Select True to use hostnames instead of IP Addresses for instances during cluster deployment.

...

  1. Configure the CDP cluster to access the storage account used by Kyvos from within Spark jobs.

    1. Log in to the Cloudera management console and go to Data Hub Clusters.

    2. Open the Cloudera Manager application by clicking the CM URL link, as shown in the following figure.

    3. On the Compute cluster, open Spark configurations from the Services dropdown.

    4. On the Configuration tab, search for the yarn.access.hadoopFileSystems property, and replace the existing value with the location of the container used in Kyvos. If you do not find the property, then add a new property with value as the container location.
      For example:
      yarn.access.hadoopFileSystems=abfs://data@kyvoscdp.dfs.core.windows.net,abfs://kyvoscontainer92604@kyvos33333.dfs.core.windows.net
      Here, the highlighted part is added to the existing value.

    5. Restart affected services.

  2. Configure IDBroker mapping for Kyvos user on CDP, using the following steps.

    1. On the navigation pane, click Environments, and then click Actions > Manage Access.

    2. Click the IDBroker Mappings tab and add user or group by clicking the Edit option in the Current Mappings section.

    3. Click the plus icon to add a user or group, select a user or group from the dropdown, and enter a role in the Role input.

    4. Click Save and Sync .

  3. Ensure that the CDP DataAssumerRole is assigned to the Kyvos storage account with Storage blob data contributor.

  4. Add cacerts file from /opt to /data/kyvos/app/kyvos/jre/jre/lib/security folder on all nodes (Kyvos Manager, BI Server, and Query Engines). This file is added from the CDP master node to /opt at the time of image creation.

  5. Make the Host entry in /etc/hosts of CDP master hostname with CDP master private IP address on BI server nodes.

  6. Change vendor from Databricks to Cloudera from Kyvos Manager, using the following steps.

    1. Log on to Kyvos Manager, and navigate to Manage Kyvos > Hadoop Ecosystem Configuration.

    2. Change the value for vendor from DATABRICKS to CLOUDERA .

    3. Change file system type from ABFSS to ABFS.

    4. In the HDInsights Home field, provide the value as /opt/cloudera/parcels/CDH/meta/

    5. Provide the Namenode IP.

    6. Change the value for Hadoop version to 3.1.1

    7. Provide Cloudera version in Hadoop parameters as 7.2.2

    8. Select Hive version as 3.1

    9. Provide Hive JDBC URL. You can copy the Hive JDBC URL from the Cloudera manager application.

    10. Select Spark version as 2.4

    11. Update the Spark Library Path to /opt/cloudera/parcels/CDH/lib/spark/jars,/opt/cloudera/parcels/CDH/jars/spark-hive_2.11-2.4.5.7.2.2.7-6.jar,/opt/cloudera/parcels/CDH/jars/spark-atlas-connector-assembly-0.1.0.7.2.2.7-6.jar

    12. Provide Spark history server URL.

    13. Select both Sync Library and Sync Configurations.

  7. On the Security configuration, provide details as:

    1. Change the Hadoop Security Type from SIMPLE to KERBEROS.

    2. Provide Keytab User Name and Keytab file details.
      Refer to the Cloudera documentation to download the Keytab file .

    3. Upload local policy jar and US export policy jar.

  8. Go back to Hadoop Ecosystem Configurations  screen on Kyvos Manager.
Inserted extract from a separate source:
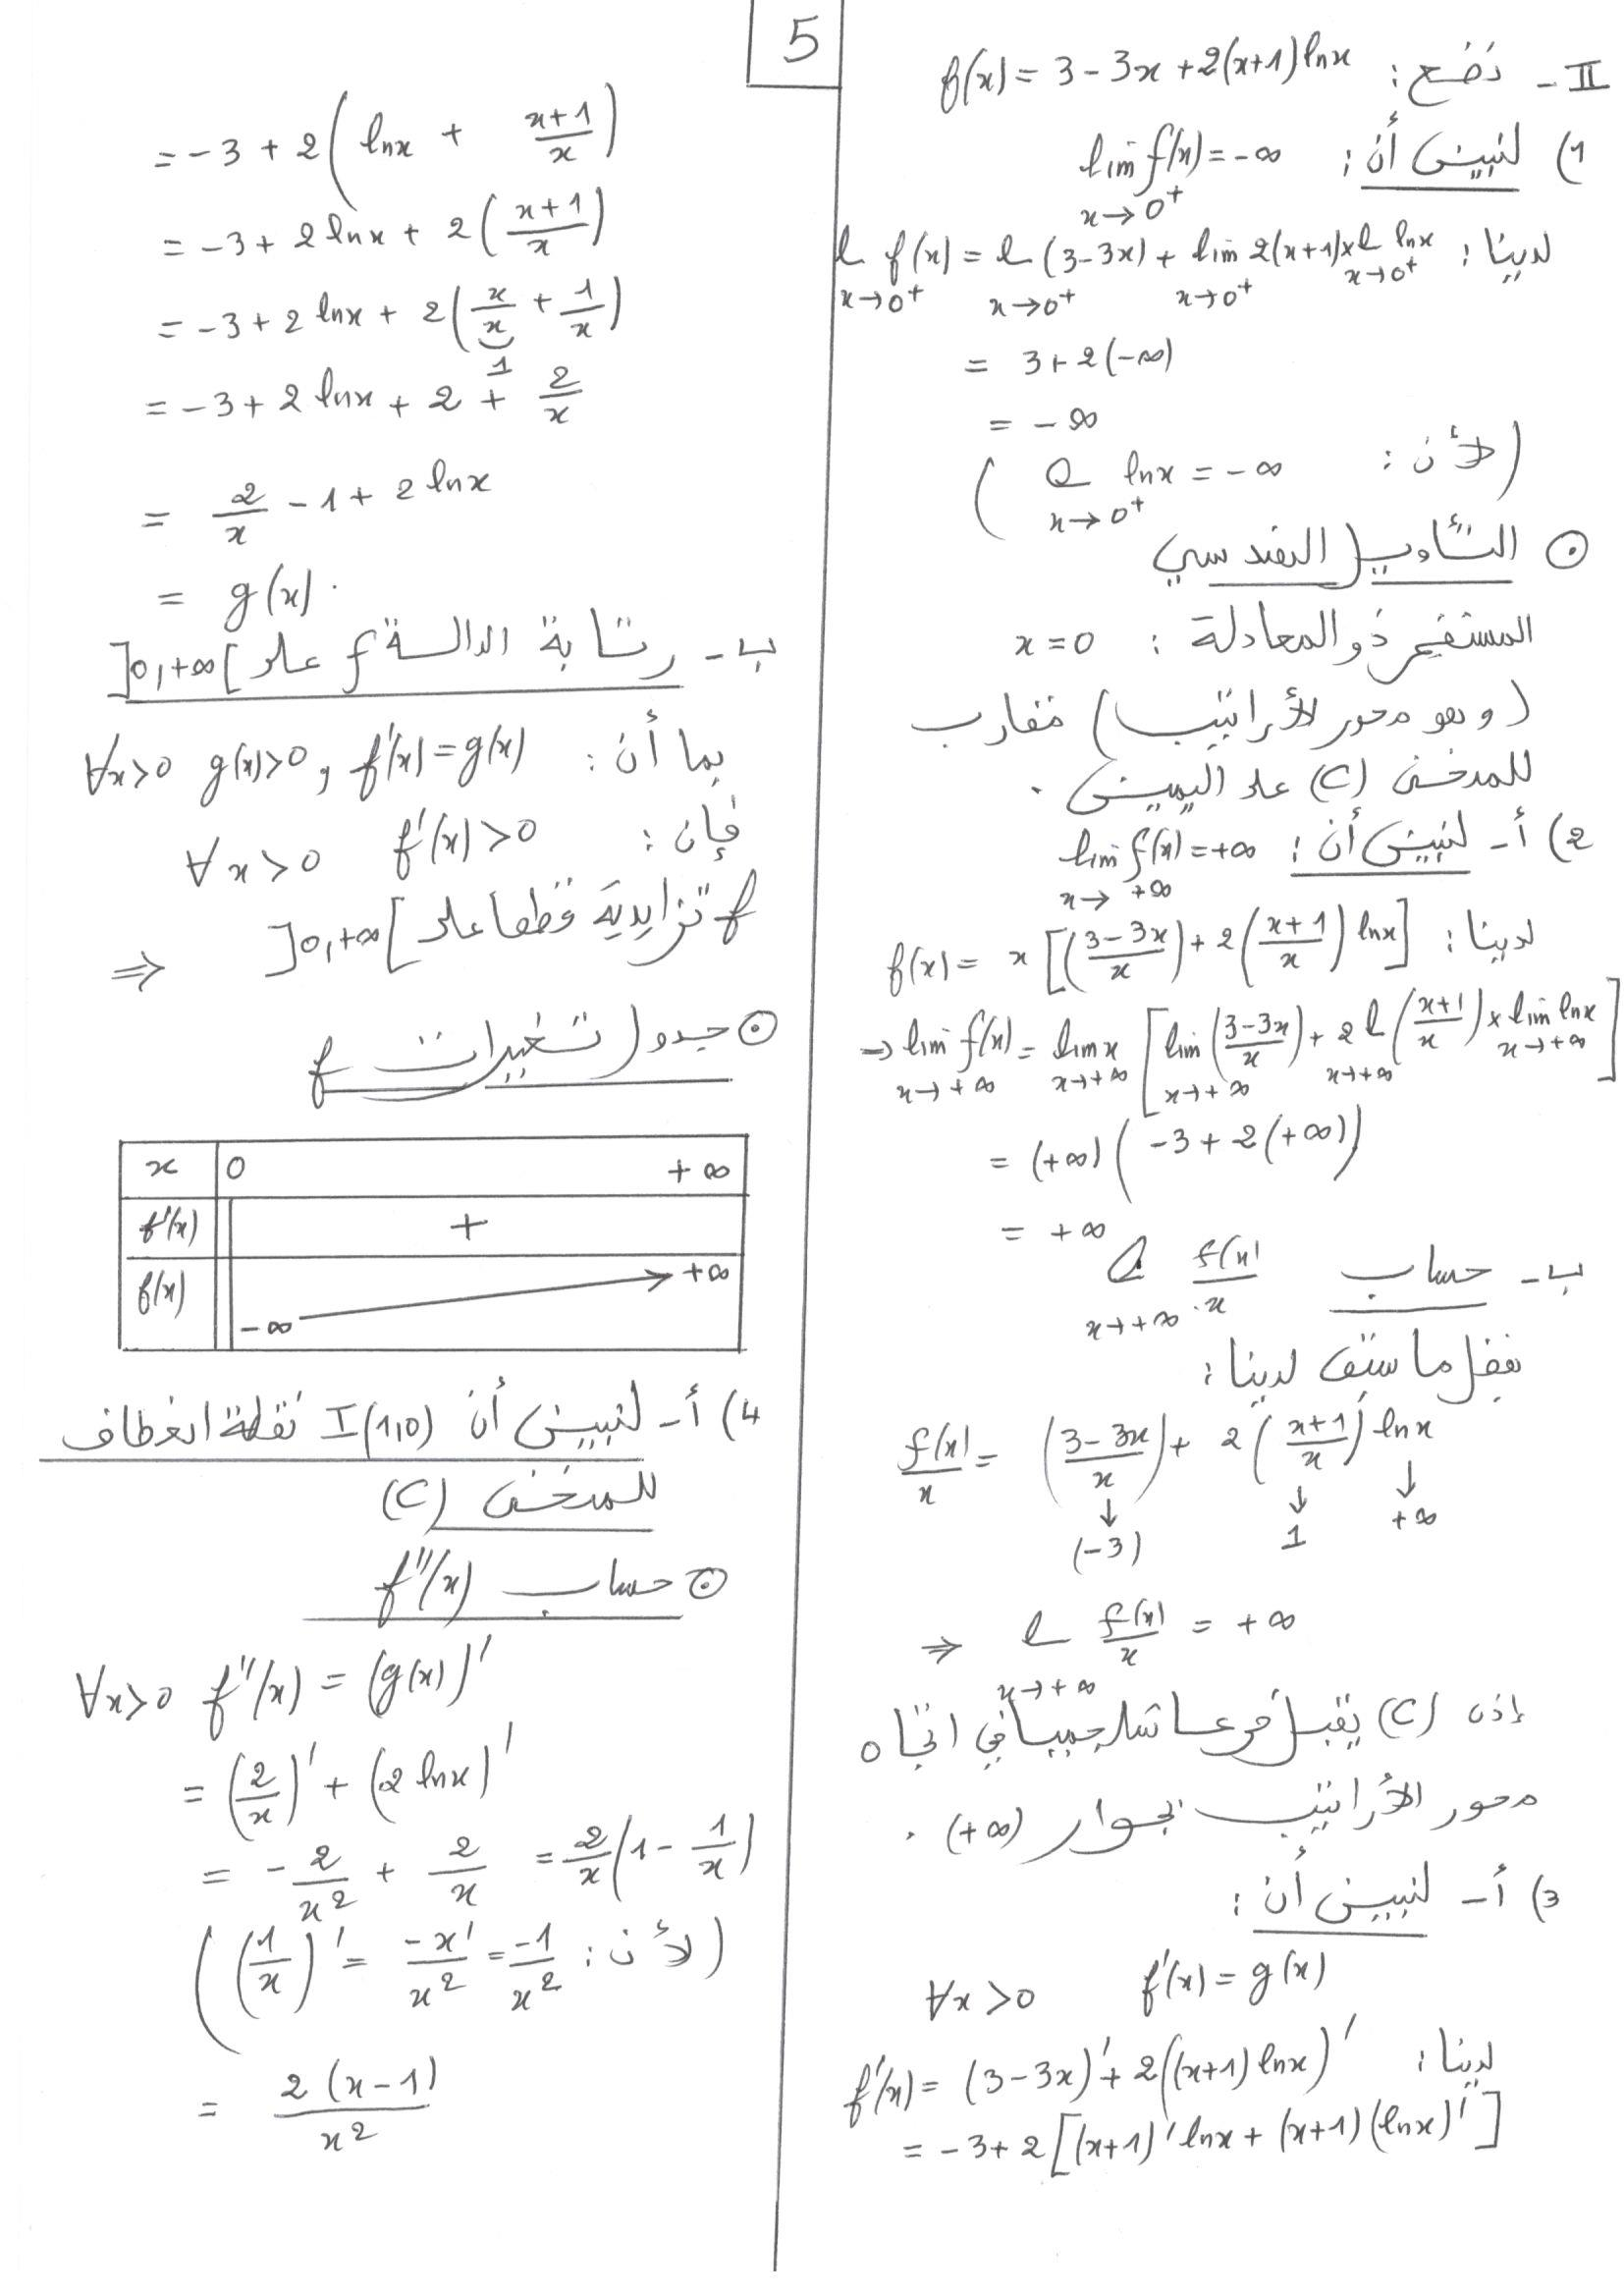 امتحانات وطنية : تصحيح وطني الرياضيات 2016 الدورة الإستدراكية | الثانية باك  PC و SVT – Doross.ma دروس المغرب
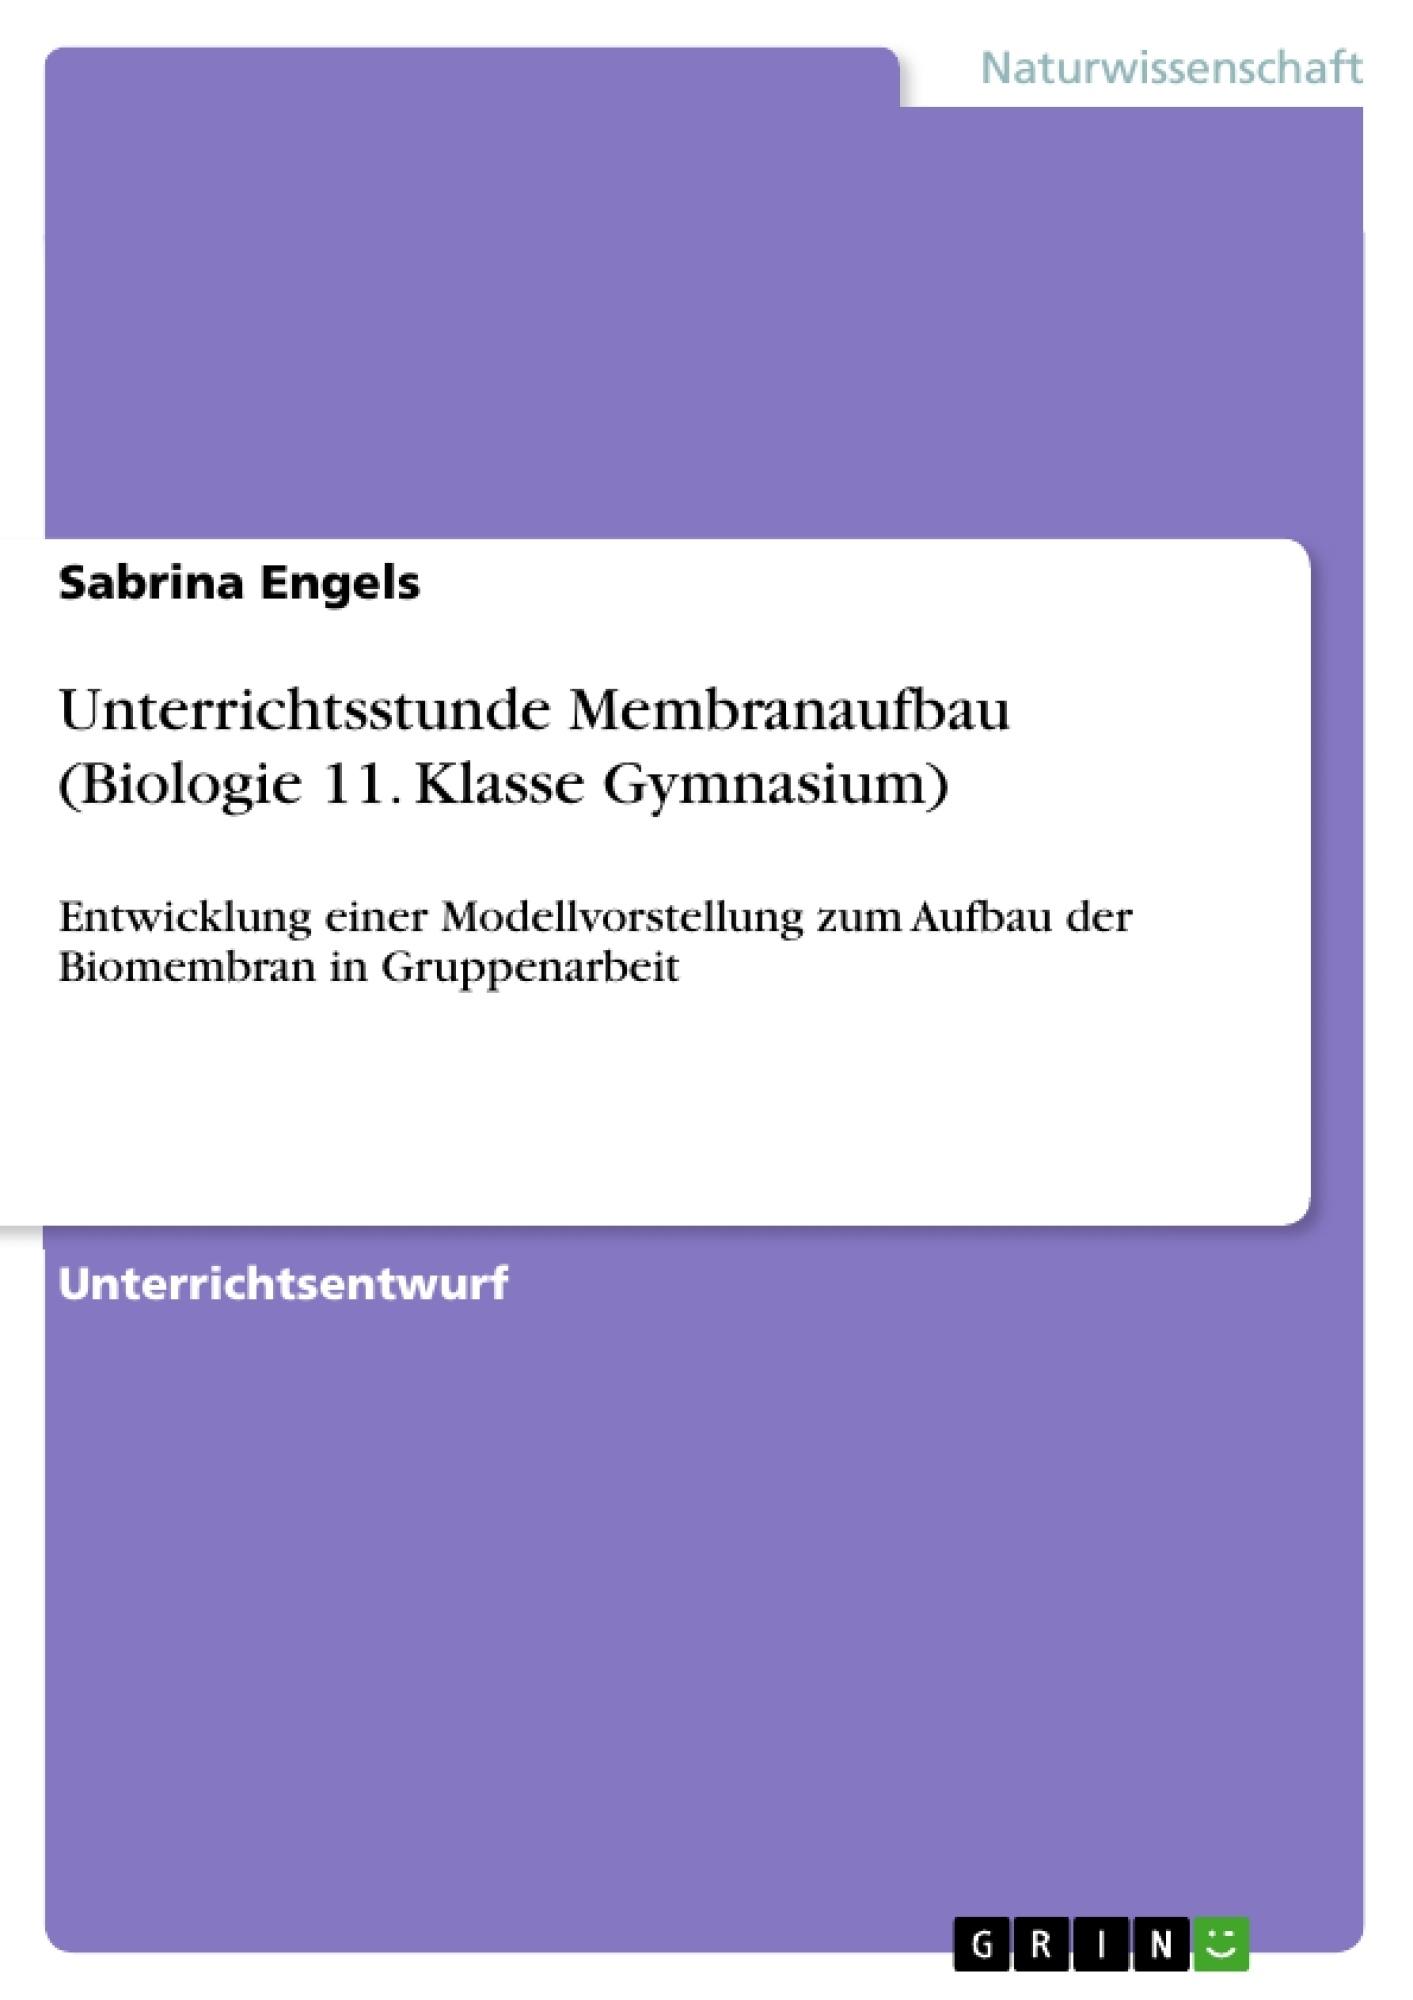 Titel: Unterrichtsstunde Membranaufbau (Biologie 11. Klasse Gymnasium)

Select both Sync Library and Sync Configurations and submit.

  9. Click Apply from the top-right of the screen.

  10. Change the owner of azcopy executable file from adminuser to kyvos.

    1. Location : /data/kyvos/installs/bin

    2. This needs to be done on all nodes for Kyvos Manager, BI Server, and Query engines.

    3. Restart the Kyvos services.

  11. To design a cube semantic model over data residing on the Snowflake data source, then add the following property on the Kyvos connection screen and restart the BI service.

...

This completes Kyvos installation and deployment in your environment, you can now access Kyvos to start creating your cubessemantic models.